To integrate with AWS form Python, the recommended library is Boto3. Add it to requirements.txt
with the following line:
boto3 == 1.34.127
⚡️ Note: Don't forget to check if the library is trustworthy and that you are on the latest stable version.
Use pip
to install the libraries
pip install -r requirements.txt
See Lab 3
With the libs in place, now is the time to configure your preferred IDE.
See Lab 3
The template project contains some boiler plate sample files. Usually you just pick one to get started and delete the rest so they are no in the way.

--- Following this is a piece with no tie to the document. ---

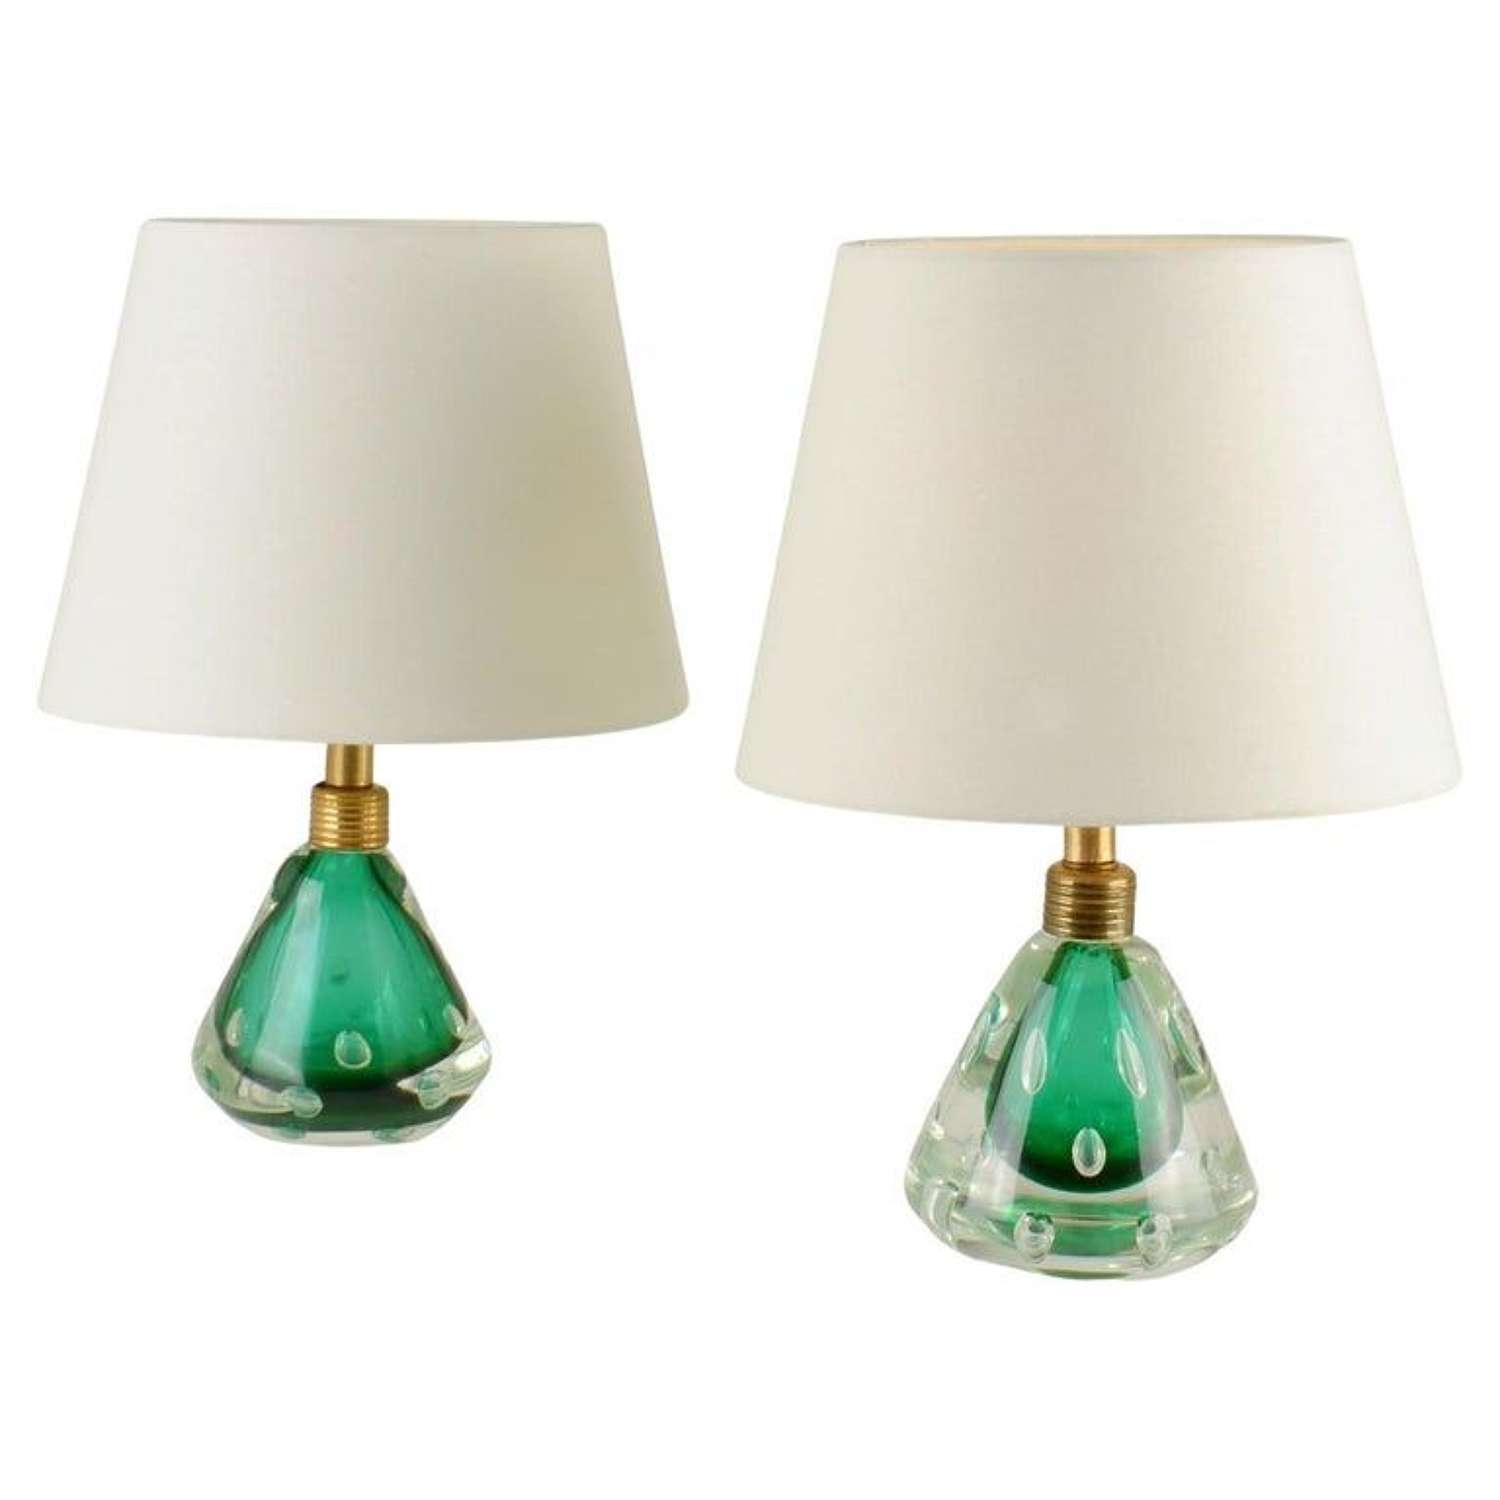 Pair Emerald Green Murano Sommerso Glass Table Lamps by Seguso 1950's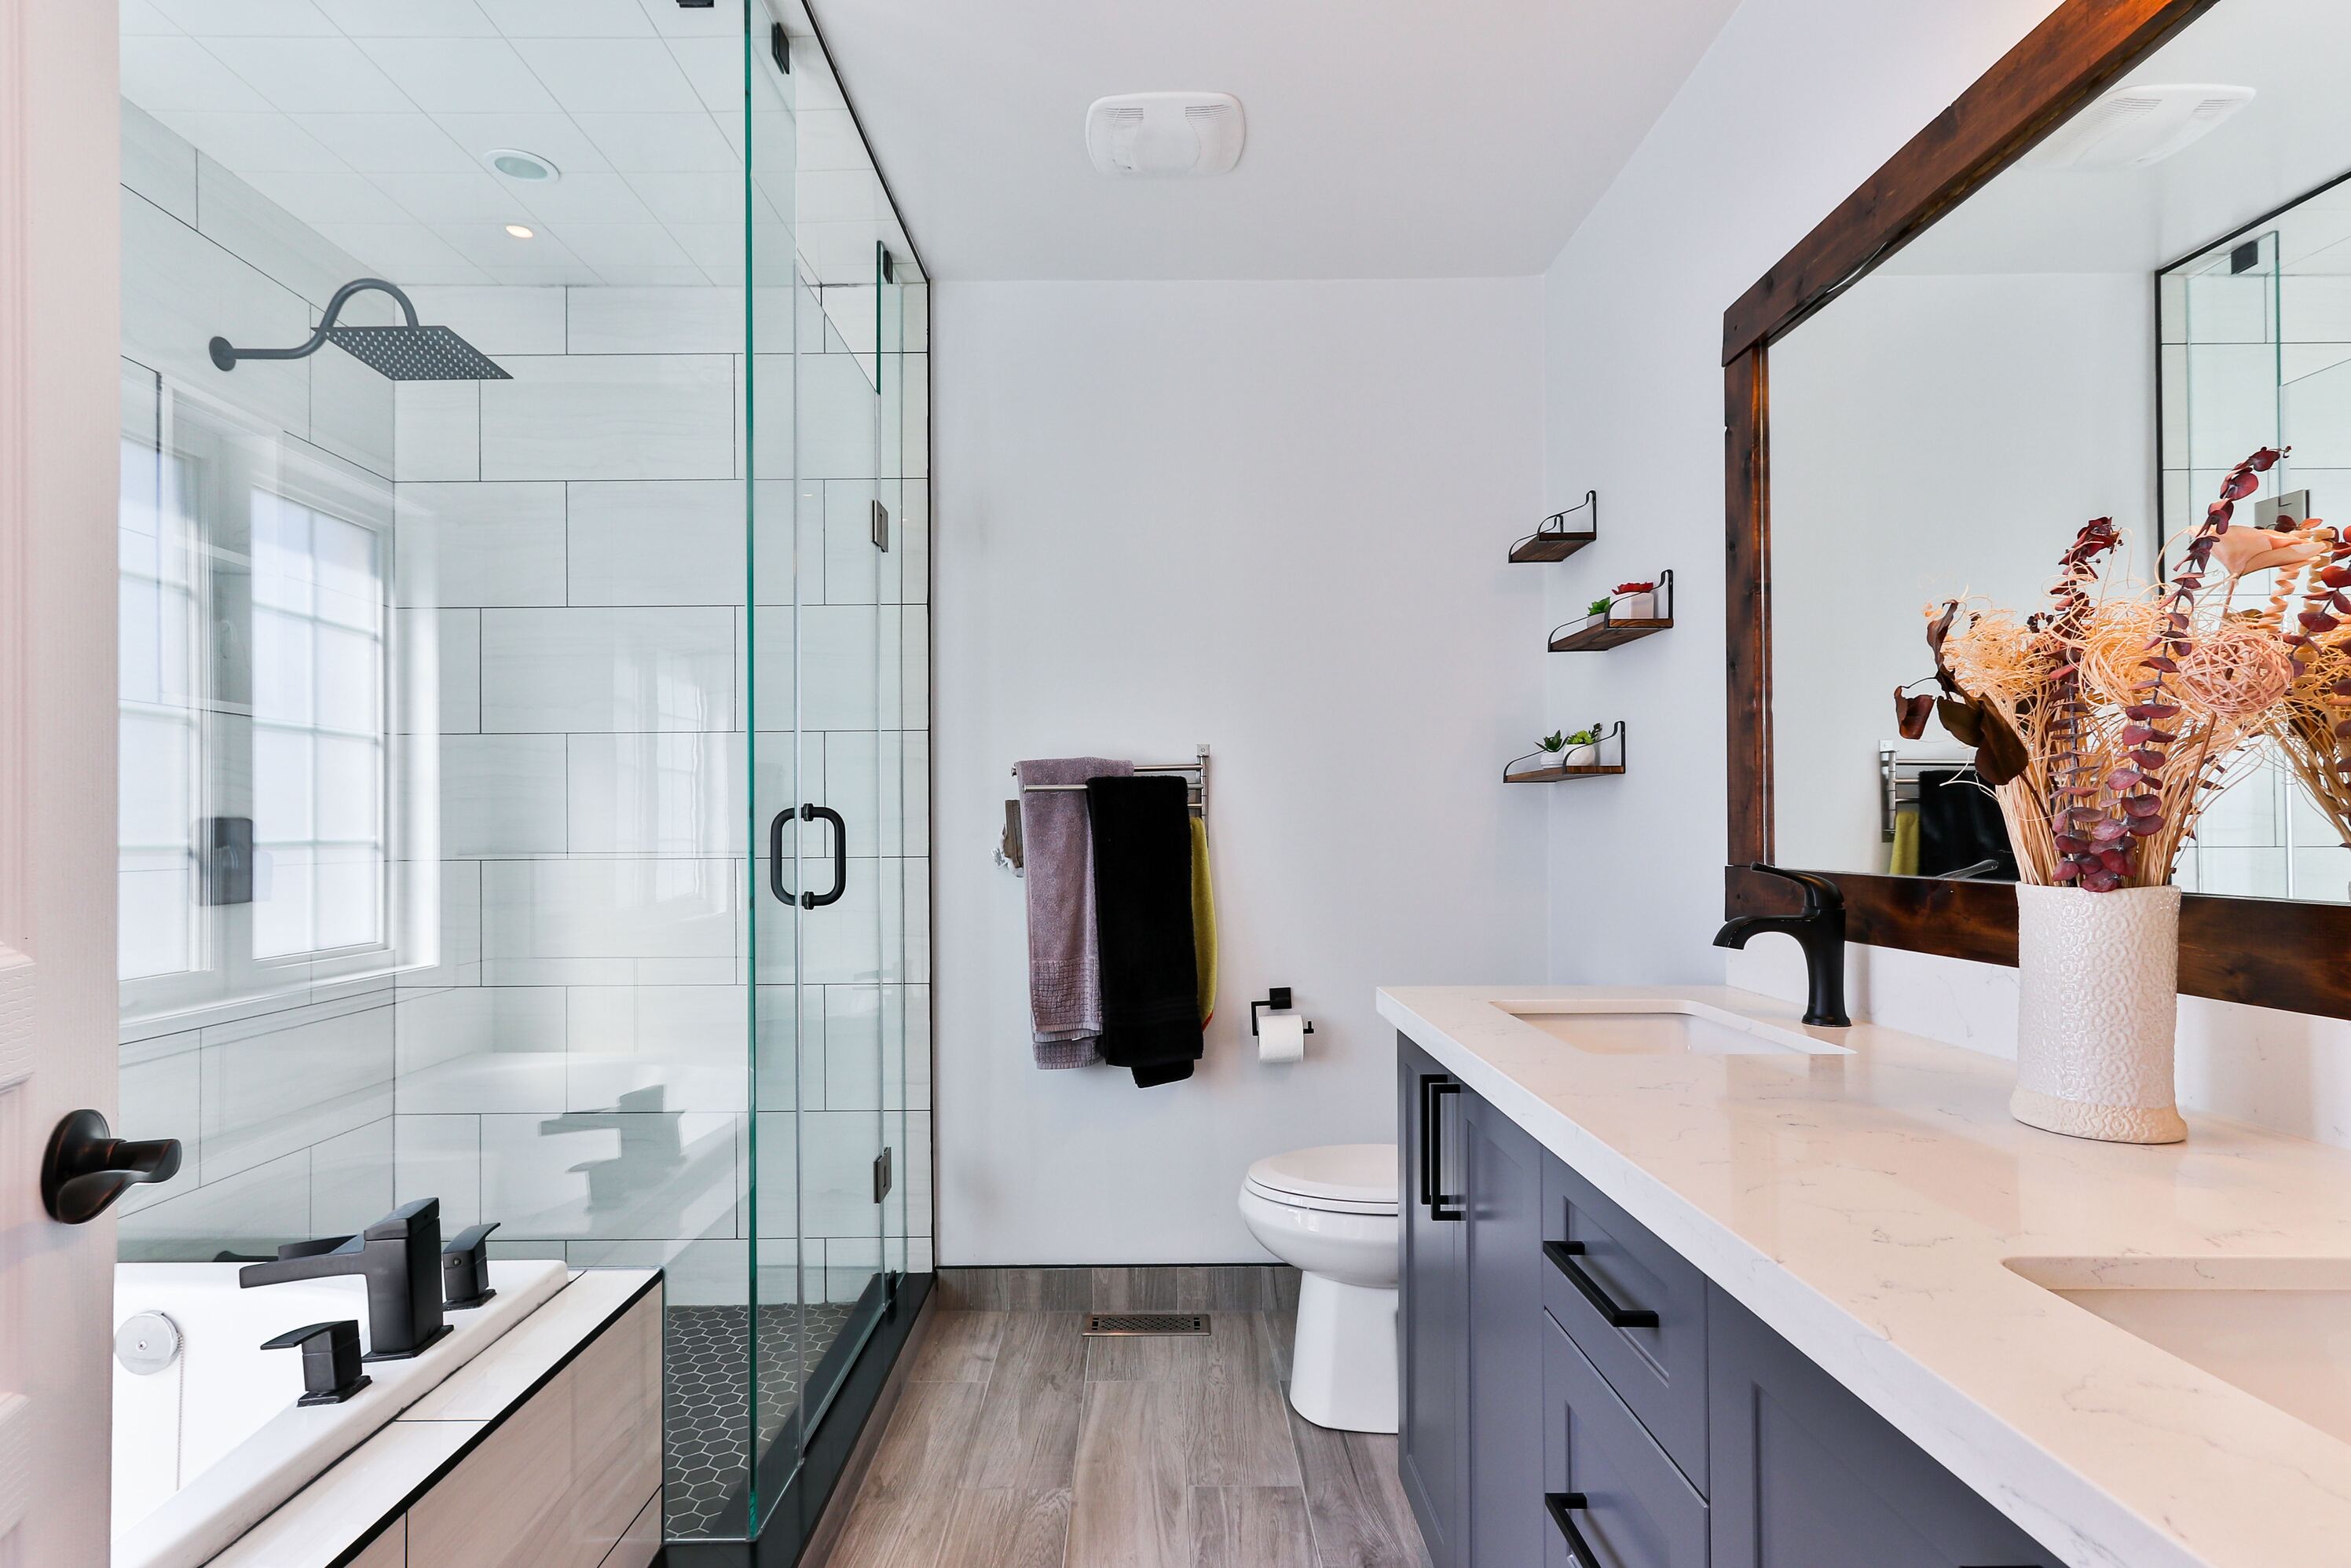 Functionality and Beauty in a Small Bathroom

Choose the one that is suitable for your projects
hello.py
-- The simplest, used for generic tasks.sample_release_api_task.py
-- To interact with the Release API.sample_server_task.py
-- To make http requests and interact with third party servers. ⬅ We need this one for AWS
Remove the files you don't need. Also check the test directory.
The quickest development cycle is by using unit tests, you don't want to be installing your task into Release to test it every time you make a change.
Start with an empty skeleton and make sure you can unit tests with it. Then iteratively expand the task implementation and tests.
First, run the tests to make sure that we are in a good state
python -m unittest discover tests
Use sample_server_task.py
as a base and remove the stuff you won't need. For AWS, you wouldn't need the requests
library, the boto3 library takes care of that. So you can remove that and start with a clean, but non-trivial file.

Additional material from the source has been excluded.